Karnataka took its present shape in 1956, when the former states of Mysore and Coorg were unified into a linguistically homogenous Kannada-speaking state along with agglomeration of districts of the former states of Bombay, Hyderabad, and Madras as part of the States Reorganisation Act of 1956. The unified Mysore State was made up of ten districts, viz., Bangalore, Kolar, Tumkur, Mandya, Mysore, Hassan, Chikkamagalur , Shimoga, Chitradurga, and Ballari which had been transferred from Madras Presidency to Mysore State earlier in 1953, when the new state of Andhra Pradesh was created out of Madras' northern districts. Coorg State became Kodagu district, South Canara was transferred from Madras State, North Canara, Dharwad, Belgaum, and Bijapur from Bombay State. Bidar, Gulbarga, and Raichur from Hyderabad State. The received its new name of Karnataka in the year 1973.

Formations of districts 

Currently there are demands to carve out the following district,
 Bailhongal ,Kittur, Chikkodi and Gokak from Belagavi (largest district)
Tipaturu and Madhugiri from Tumakuru
Sirsi from Uttara Kannada
Putturu from Dakshina Kannada
Hunasuru from Mysuru
Jamakhandi from Bagalkote
Indi from Vijayapura
Sedam from Kalaburagi
Sindhanuru from Raichuru

Administrative structure

A district of an Indian state is an administrative geographical unit, headed by a District Commissioner, an officer belonging to the Indian Administrative Service selected through the UPSC examination.
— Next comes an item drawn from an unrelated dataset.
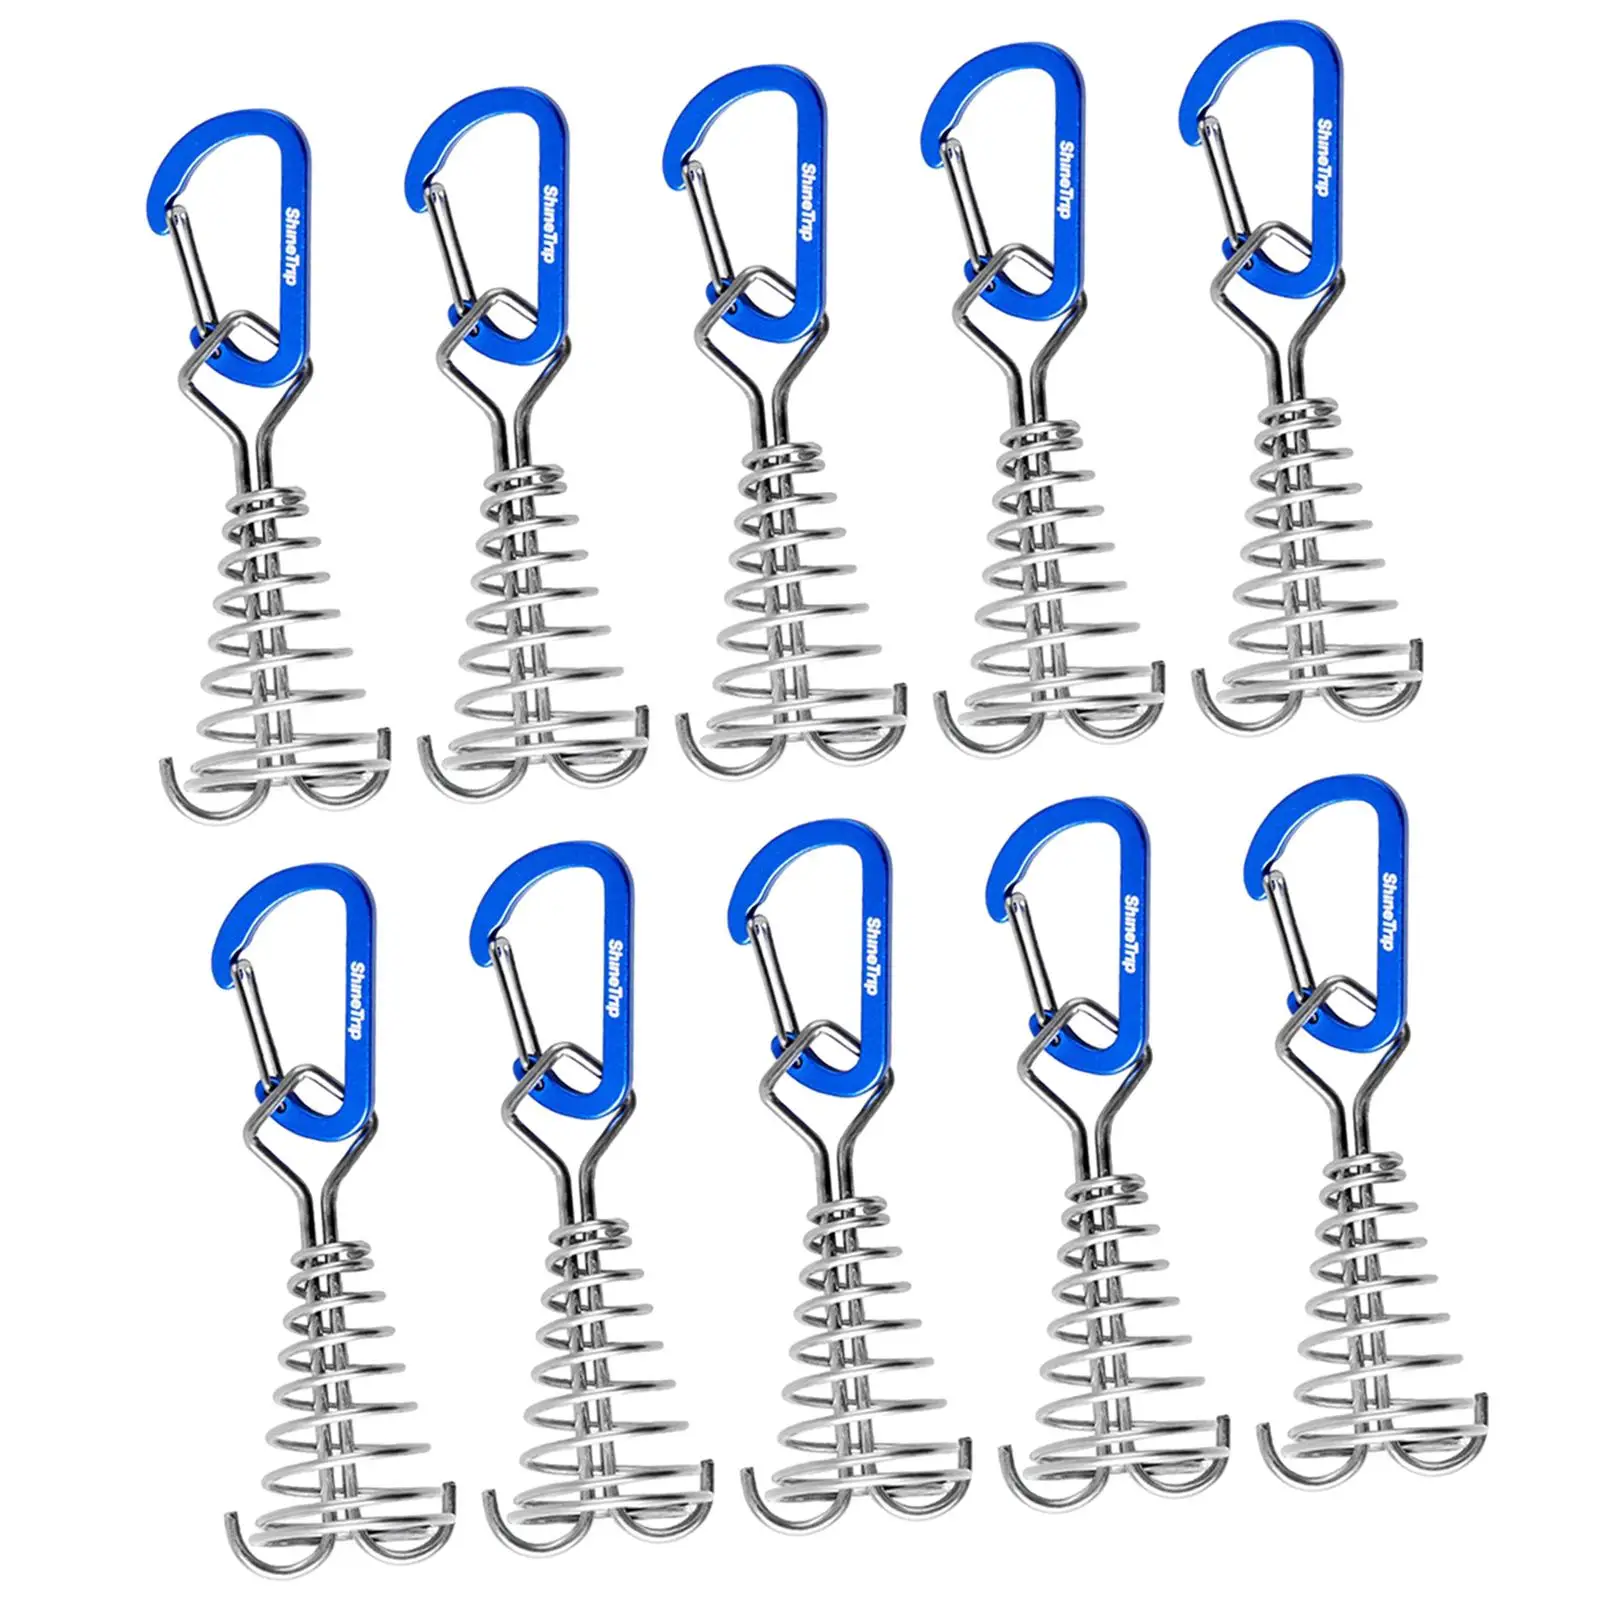 10 Pieces Deck Anchor Pegs with Spring Buckle, Portable Windproof Tent Rope Tightener for Outdoor Hiking

The district commissioner is assisted by a number of officers belonging to the Karnataka Administrative Service selected through the KPSC examination.

A Superintendent of Police (India), usually an officer belonging to the Indian Police Service selected through the UPSC examination. is entrusted with the responsibility of maintaining law and order and related issues of the district. He is assisted by the officers of the Karnataka Police Service and other Karnataka Police officials. Big cities like Bengaluru, Belagavi, Hubballi-Dharwad, Kalaburagi, Mangaluru and Mysuru are headed by a Commissioner of Police holding the rank of Additional Director General of Police(ADGP) for Bengaluru, Inspector General of Police (IGP) for Mysuru and Deputy Inspector General of Police (DIG) for Belagavi, Hubballi-Dharwad, Kalaburagi and Mangaluru. They are assisted by officers belonging to the Karnataka Police Service selected through the KPSC examination.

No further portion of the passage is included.